The “Six Hats” Thinking Exercise for EDC
The “Six Hats” Thinking Exercise for EDC –
to promote creativity and teamwork
From Edward De Bono
(Six Thinking Hats, Penguin 1985)
Introduction
Since engineers and business leaders do so much of their work as teams, teamwork skills and interpersonal communication are increasingly important for professional success. To help students develop competency in these areas, many educators believe that we need to do more than simply give them teamwork experience; we need to teach teamwork.
In EDC, we use a number of methods to teach teamwork—conventional methods such as information about teamwork in the textbook and regular coaching of teams, plus more innovative methods, such as our team process checks, emphasis on team standards, and teamwork memos to help students reflect on what their teamwork experience and on themselves as team members.
The “Six Hats” exercise, from Edward De Bono, is an exercise that John Boyce introduced to EDC in his lectures on teamwork. The exercise promotes collaboration and creativity by providing a structured way for team members to analyze their design concepts and prototypes.
How the exercise works
Each team member adopts a different role—or “wears” a different hat—to offer a perspective on the design. This encourages a variety of ideas, thus helping the team avoid “groupthink.” Referring to the hats by their color instead of their symbolic characteristic (see below) encourages honest discussion while preventing people from feeling attacked.

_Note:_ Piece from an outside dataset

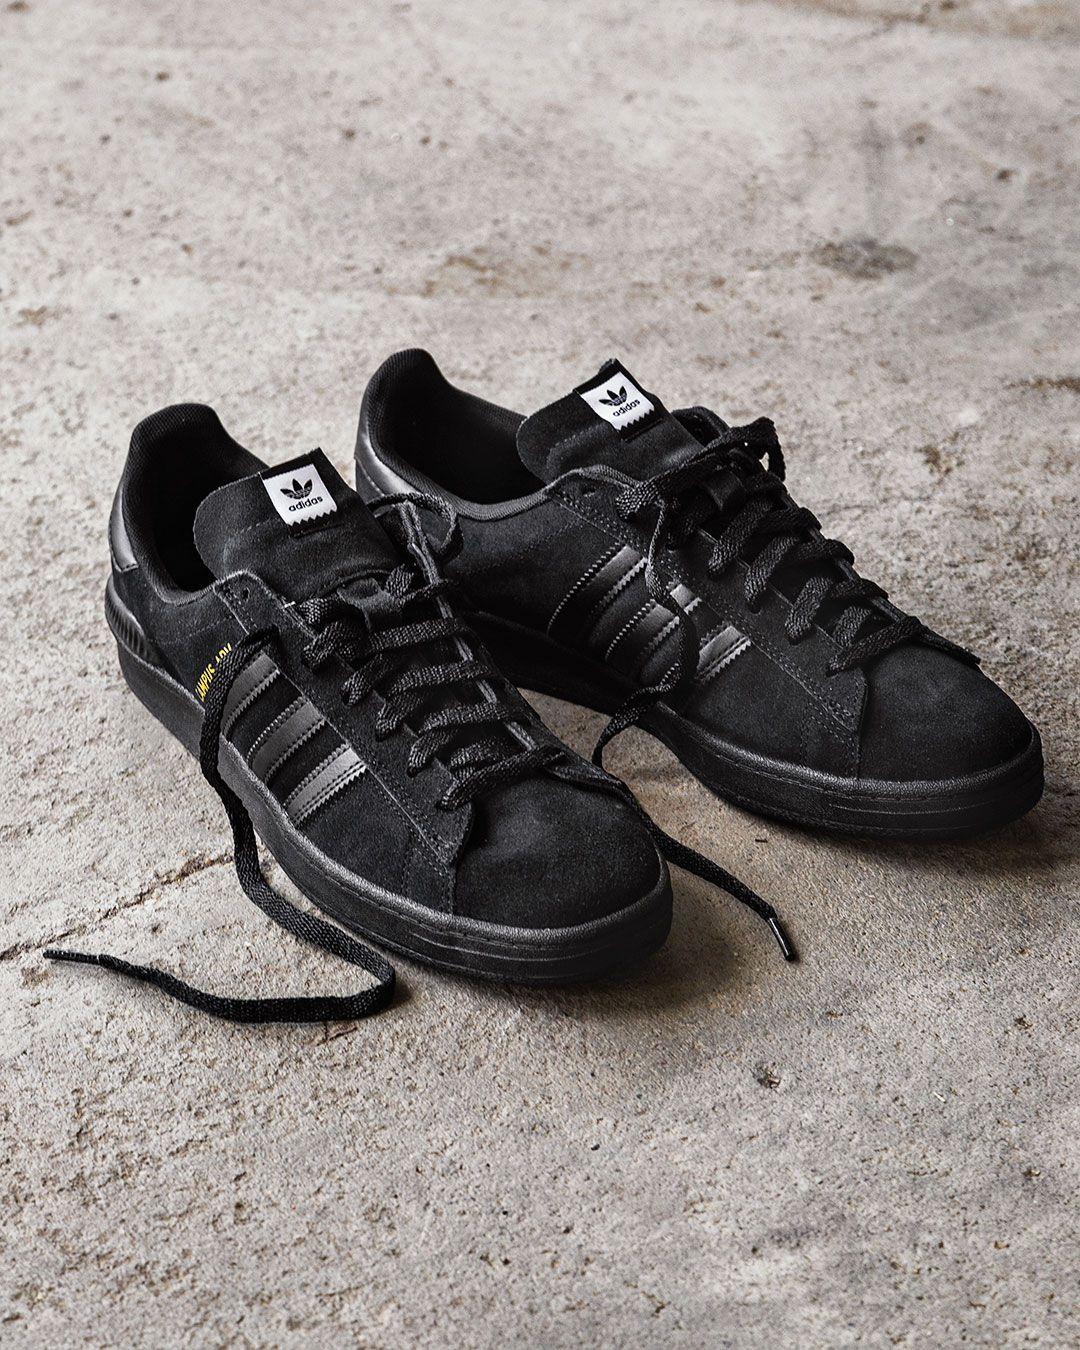 adidas Skateboarding Campus ADV Shoes (core black core black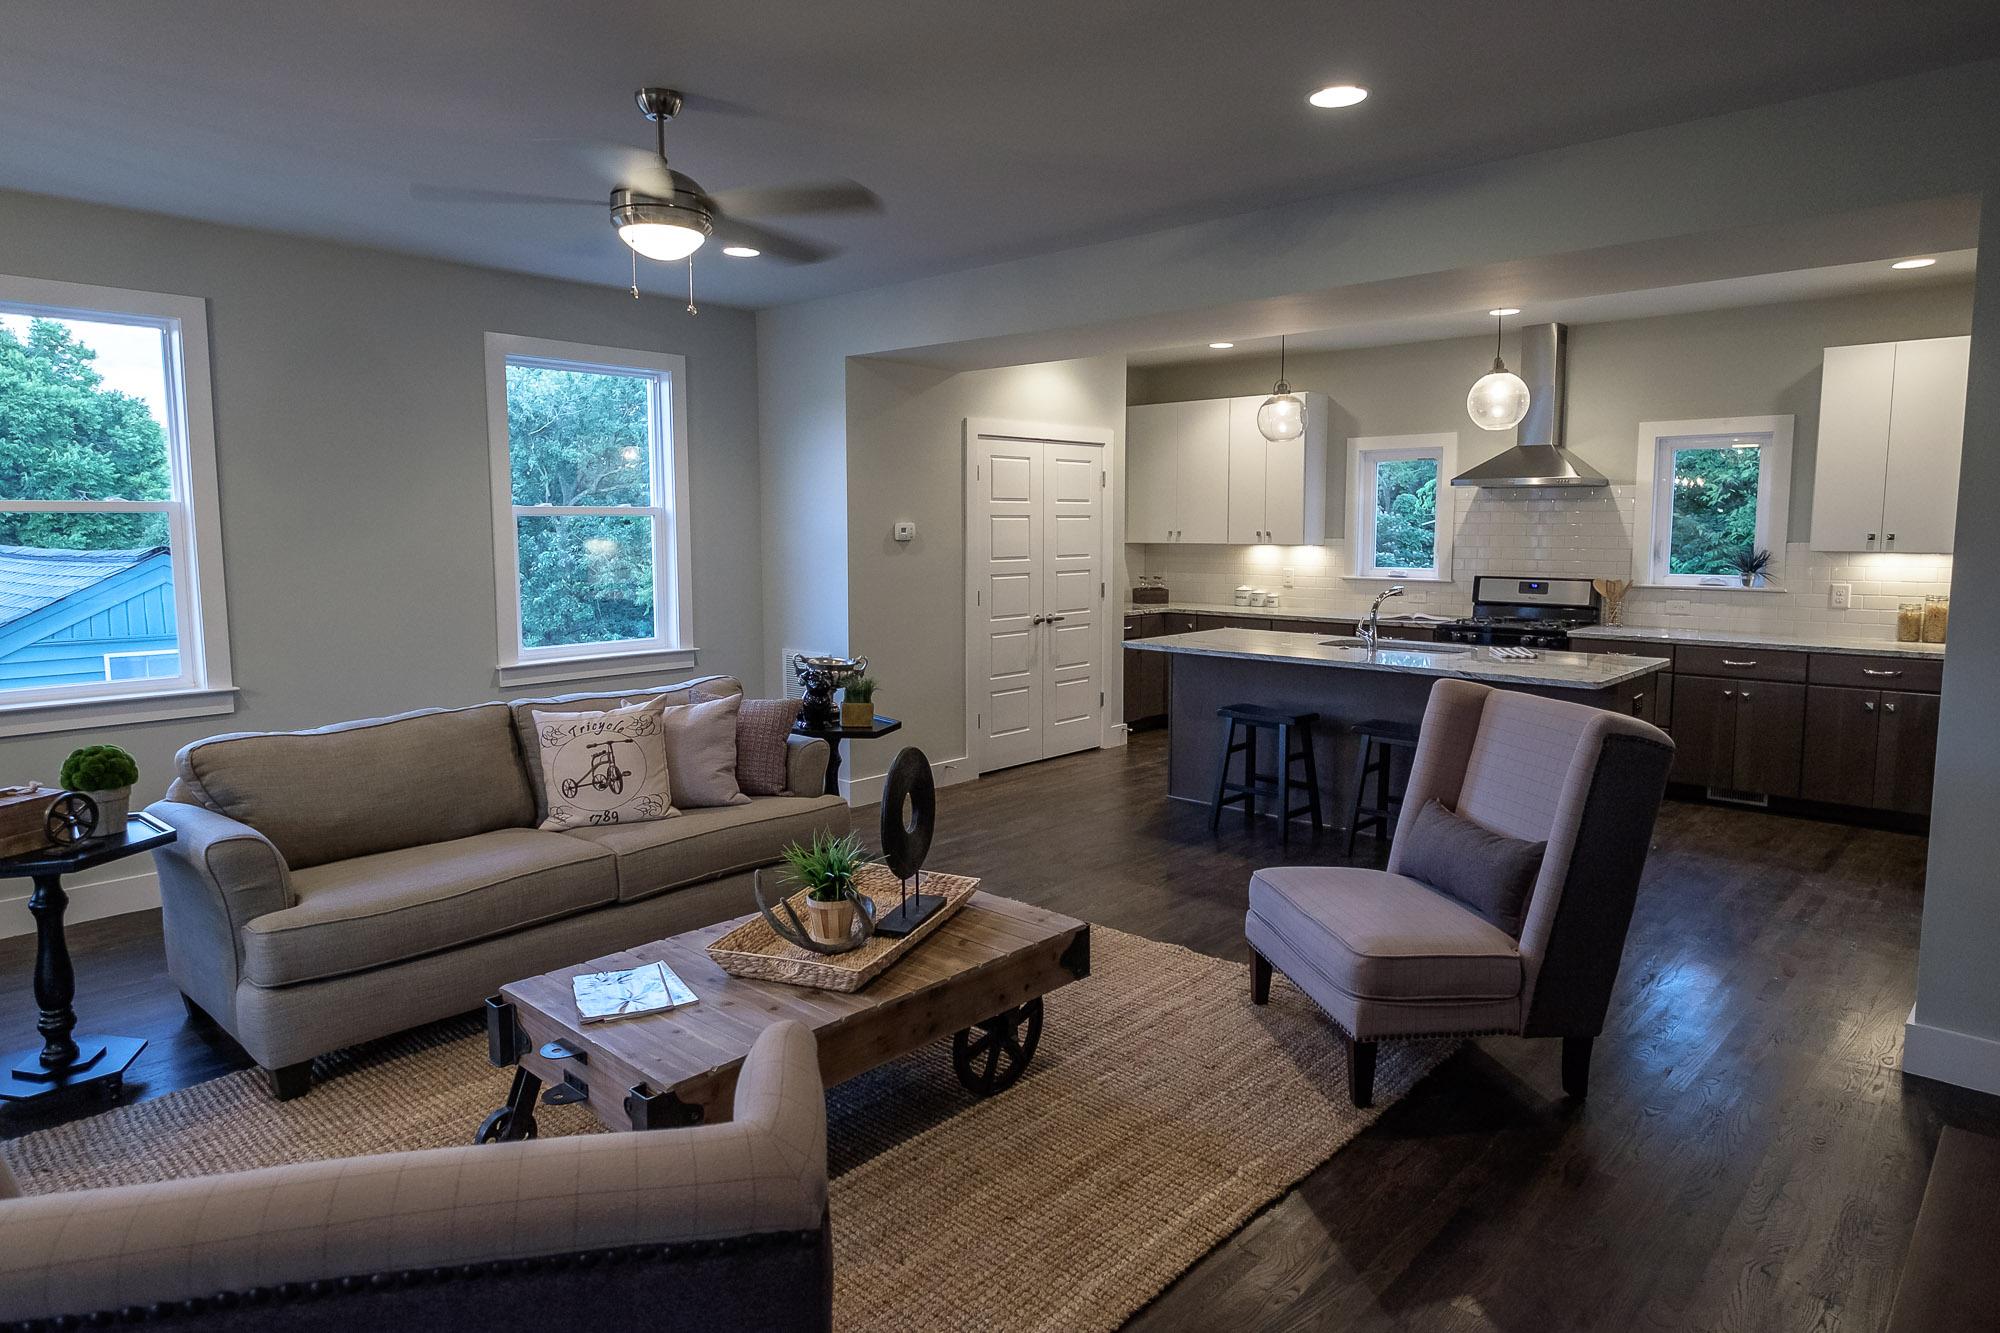 House-Plans-Online-Duplex-Nashville-Peggy-Newman-Living-Kitchen-Porter.jpg

For example, it’s less confrontational to say to someone, “Take off your black hat for a moment” than to ask him or her to “stop being so critical and negative.”
The exercise can be used to analyze one or more designs. If time permits, team members can switch roles (or “hats”). Alternatively, the whole group can wear the same color hat and give an opinion from that perspective, before assuming a different color hat.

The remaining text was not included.